What is being asked.
Could you set down the listing below exactly and omit its images?

Dataset content.
▼▼▼

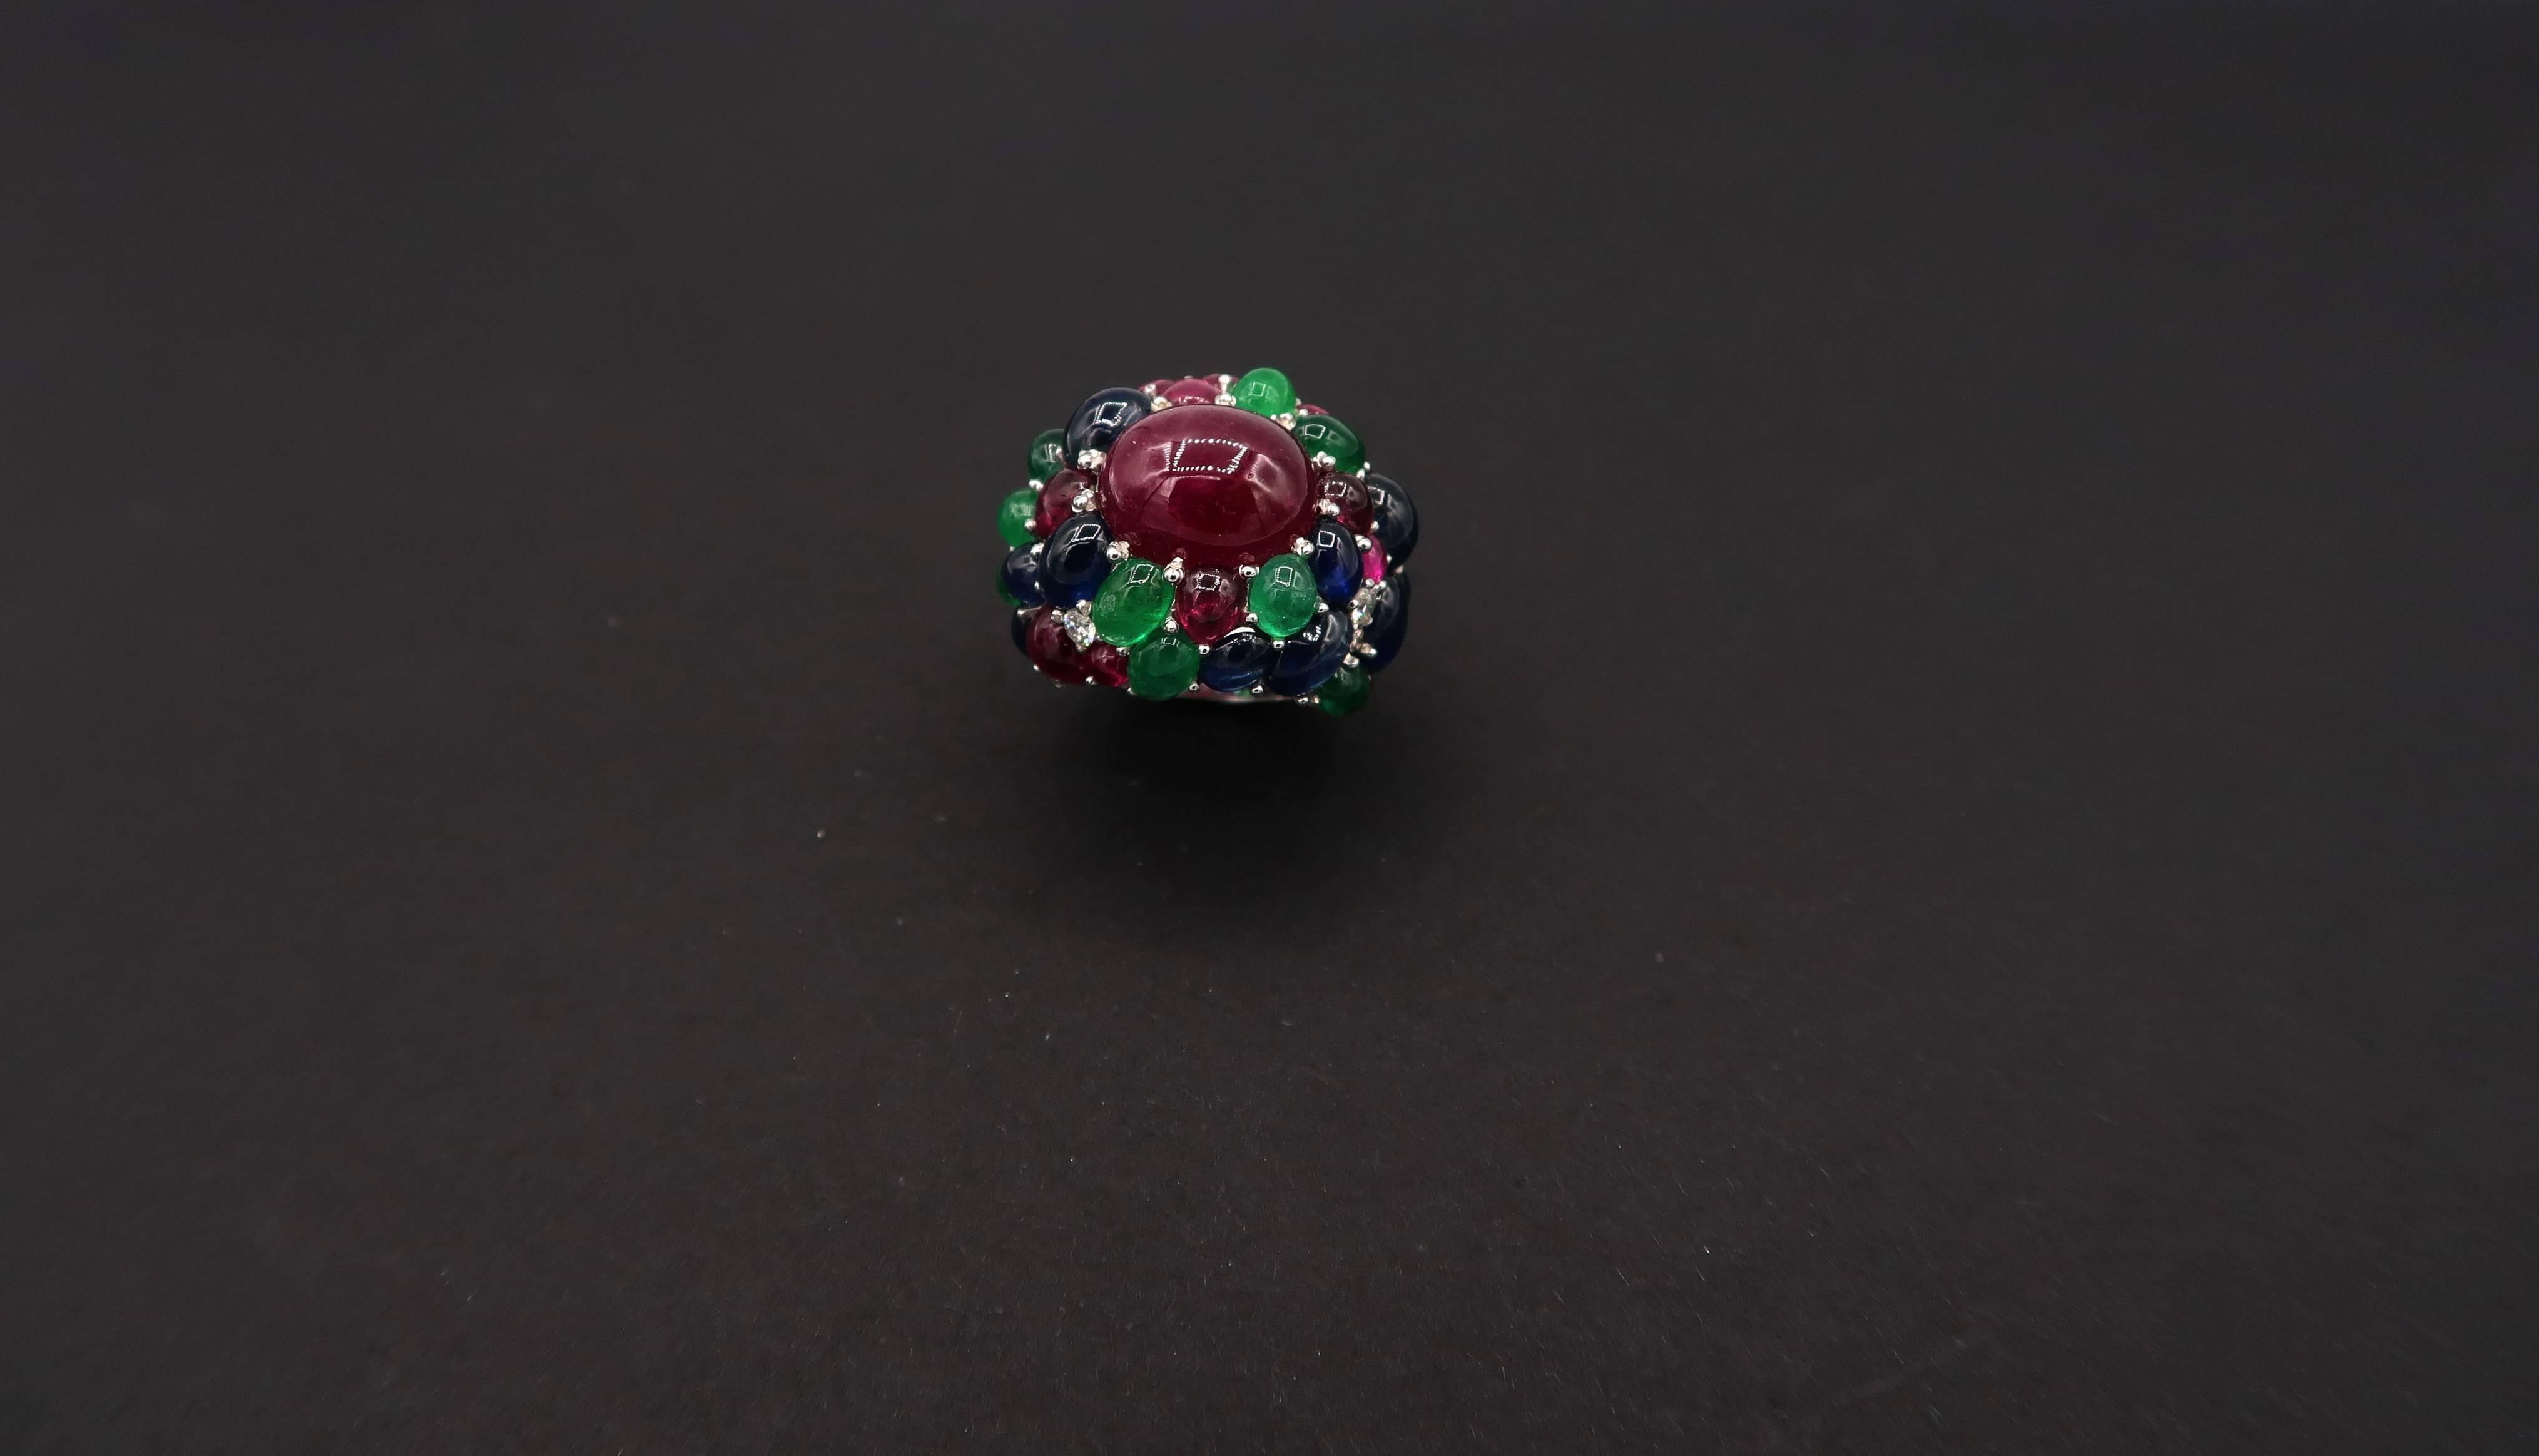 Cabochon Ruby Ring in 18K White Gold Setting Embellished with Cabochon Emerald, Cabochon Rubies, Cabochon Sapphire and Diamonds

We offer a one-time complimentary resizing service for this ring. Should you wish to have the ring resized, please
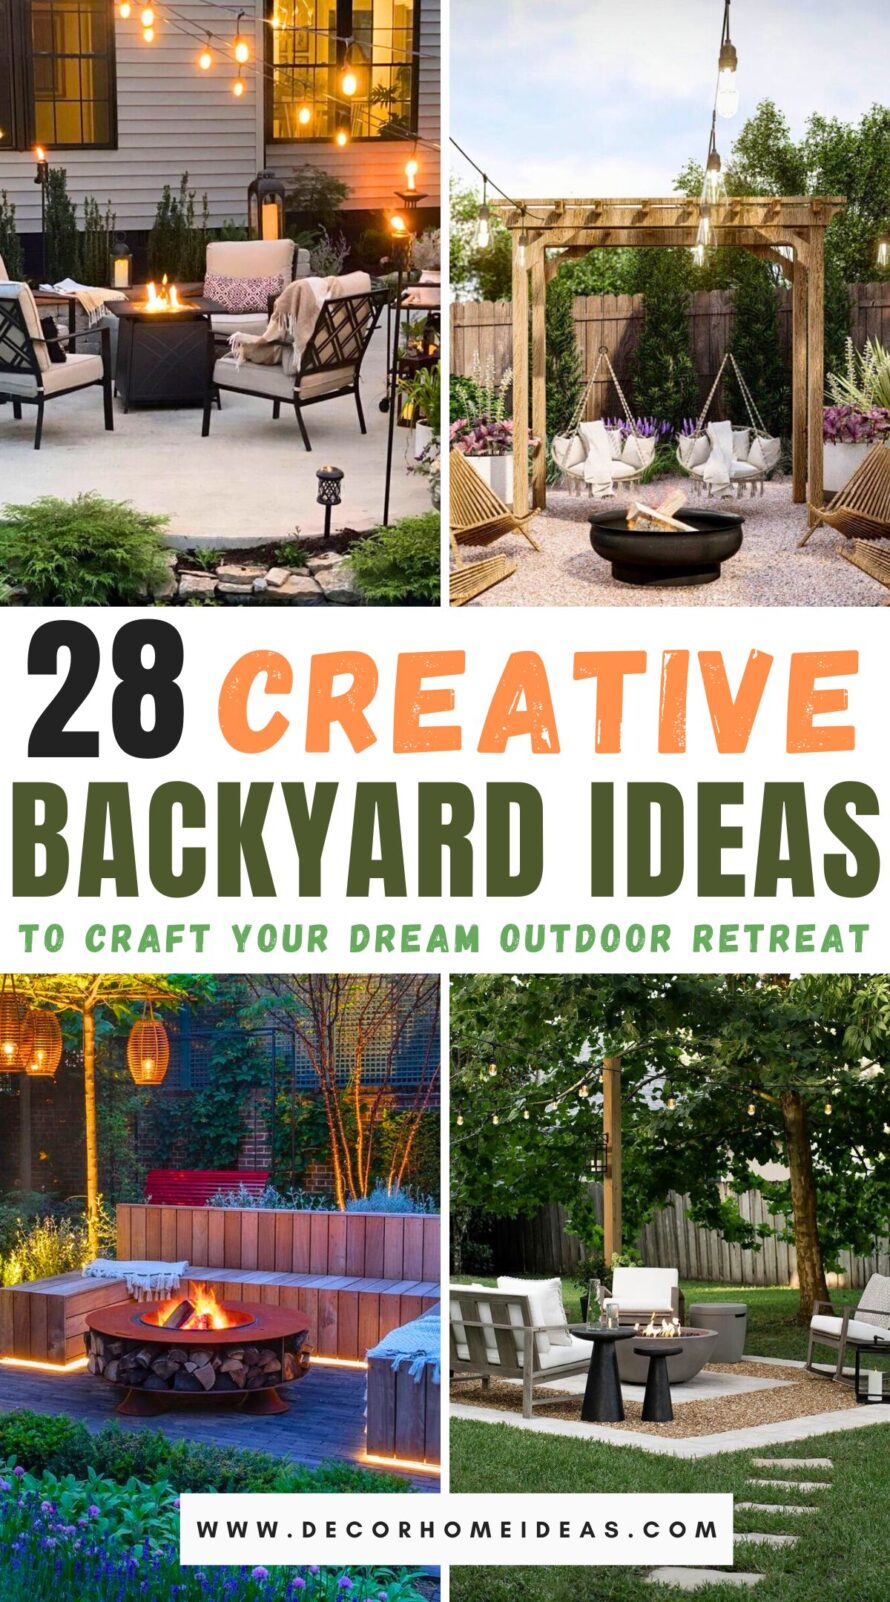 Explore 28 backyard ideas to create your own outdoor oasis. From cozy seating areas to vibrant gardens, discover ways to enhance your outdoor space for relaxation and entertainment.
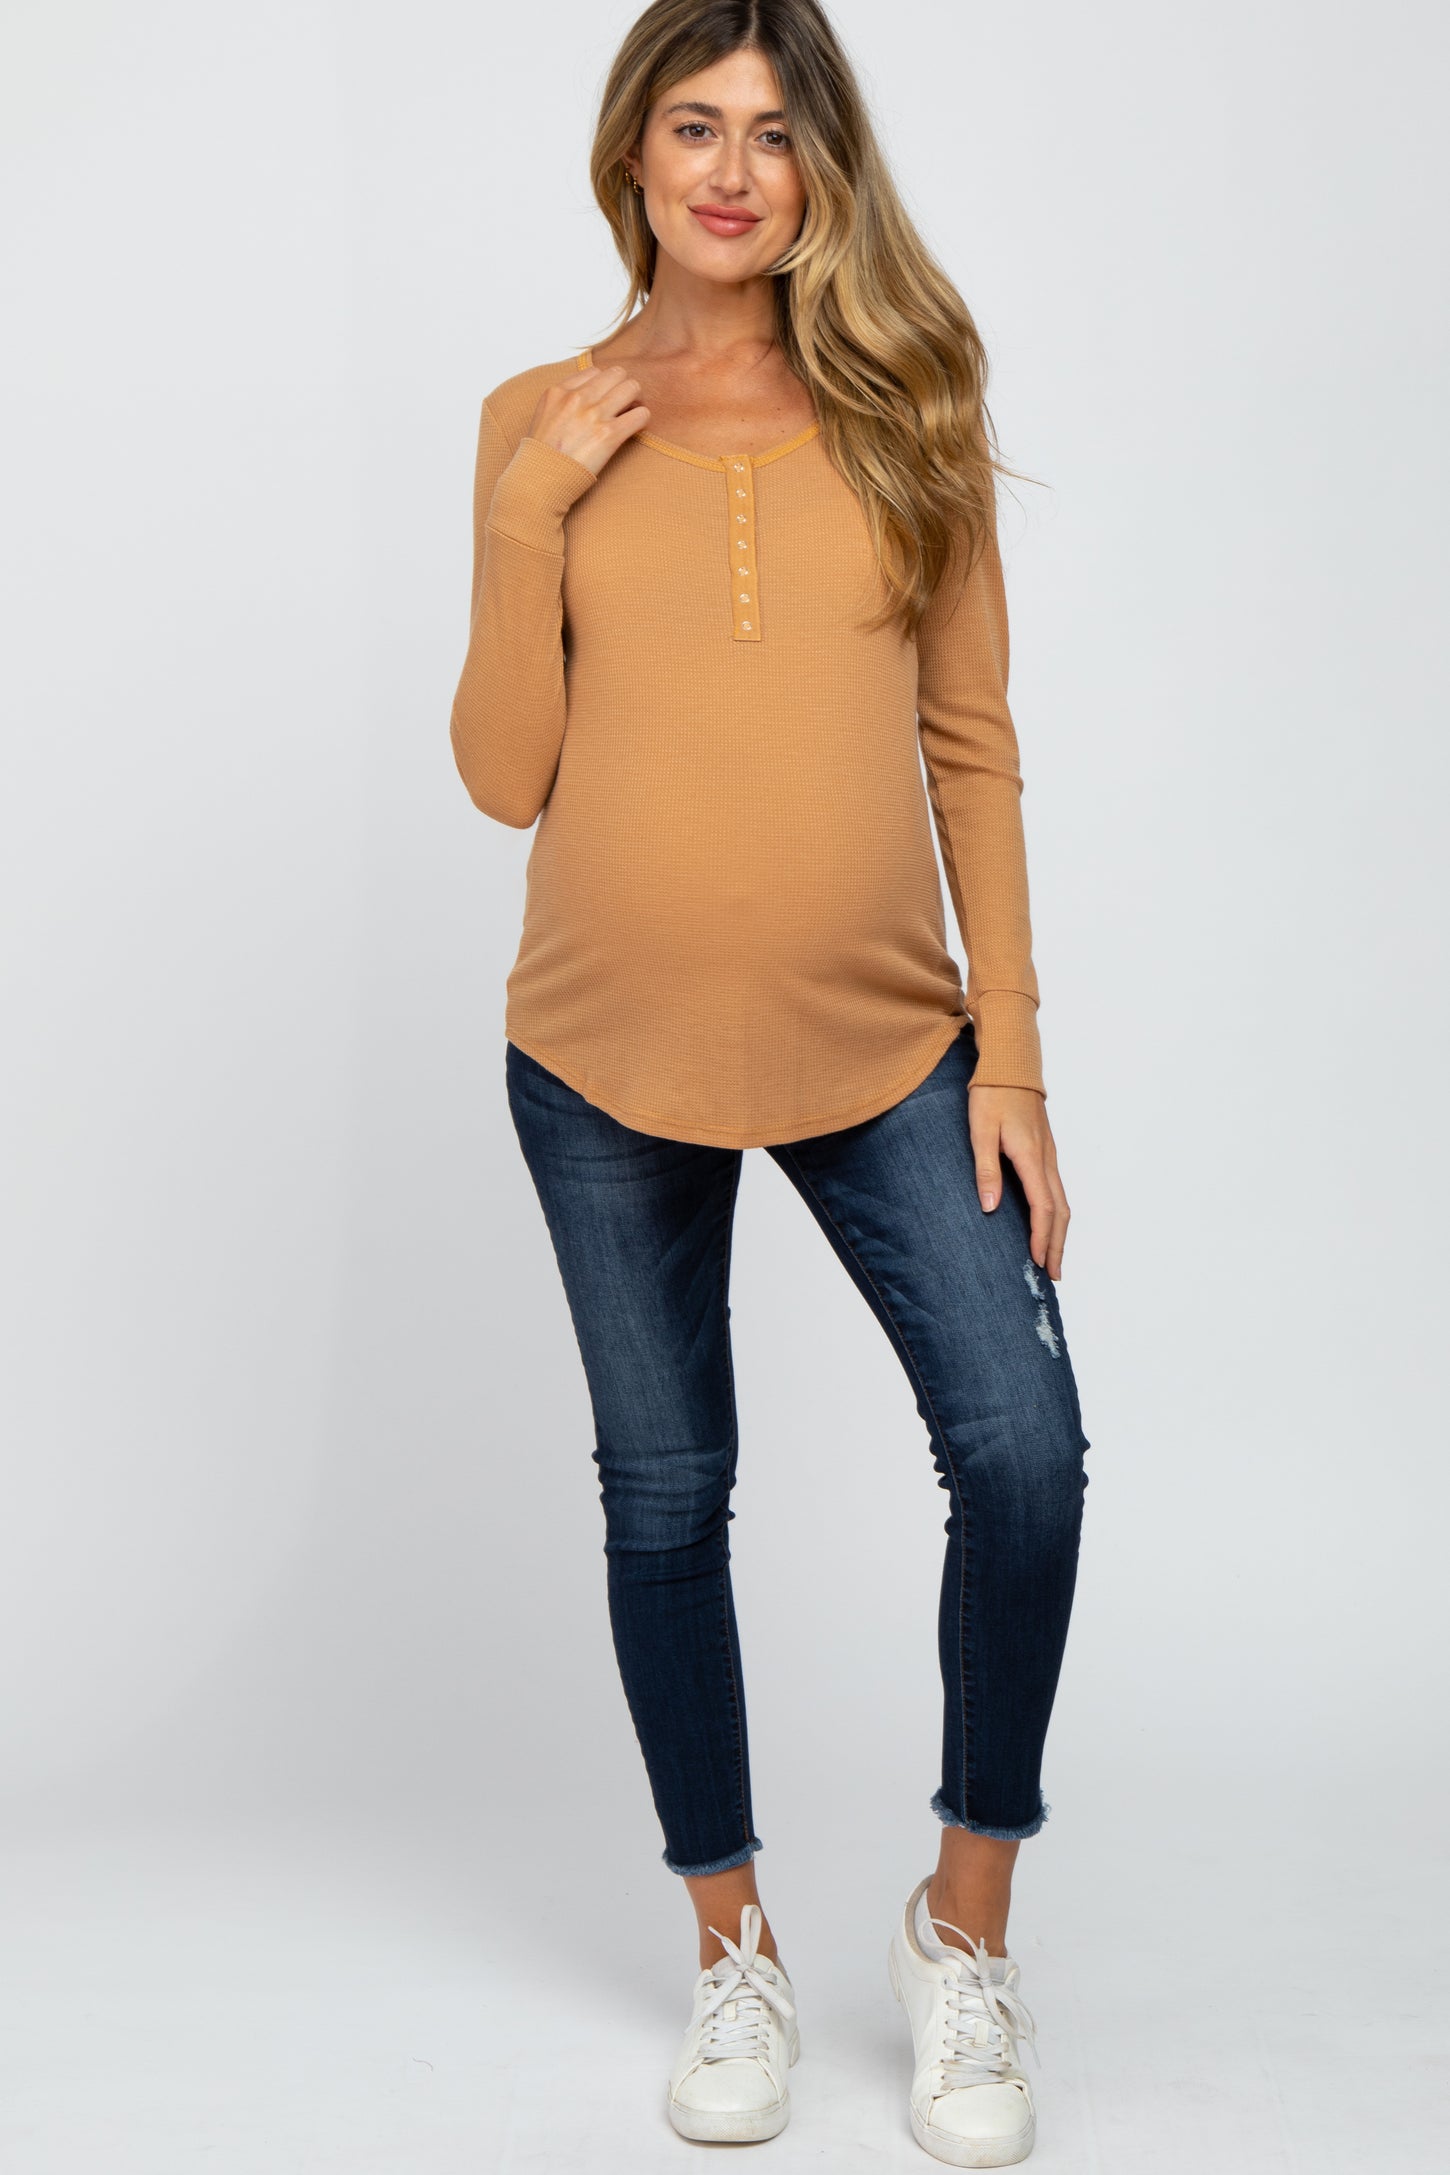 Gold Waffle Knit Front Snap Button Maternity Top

▲▲▲

Answer area.
 Cabochon Ruby Ring in 18K White Gold Setting Embellished with Cabochon Emerald, Cabochon Rubies, Cabochon Sapphire and Diamonds

We offer a one-time complimentary resizing service for this ring. Should you wish to have the ring resized, please
 Explore 28 backyard ideas to create your own outdoor oasis. From cozy seating areas to vibrant gardens, discover ways to enhance your outdoor space for relaxation and entertainment.
 Gold Waffle Knit Front Snap Button Maternity Top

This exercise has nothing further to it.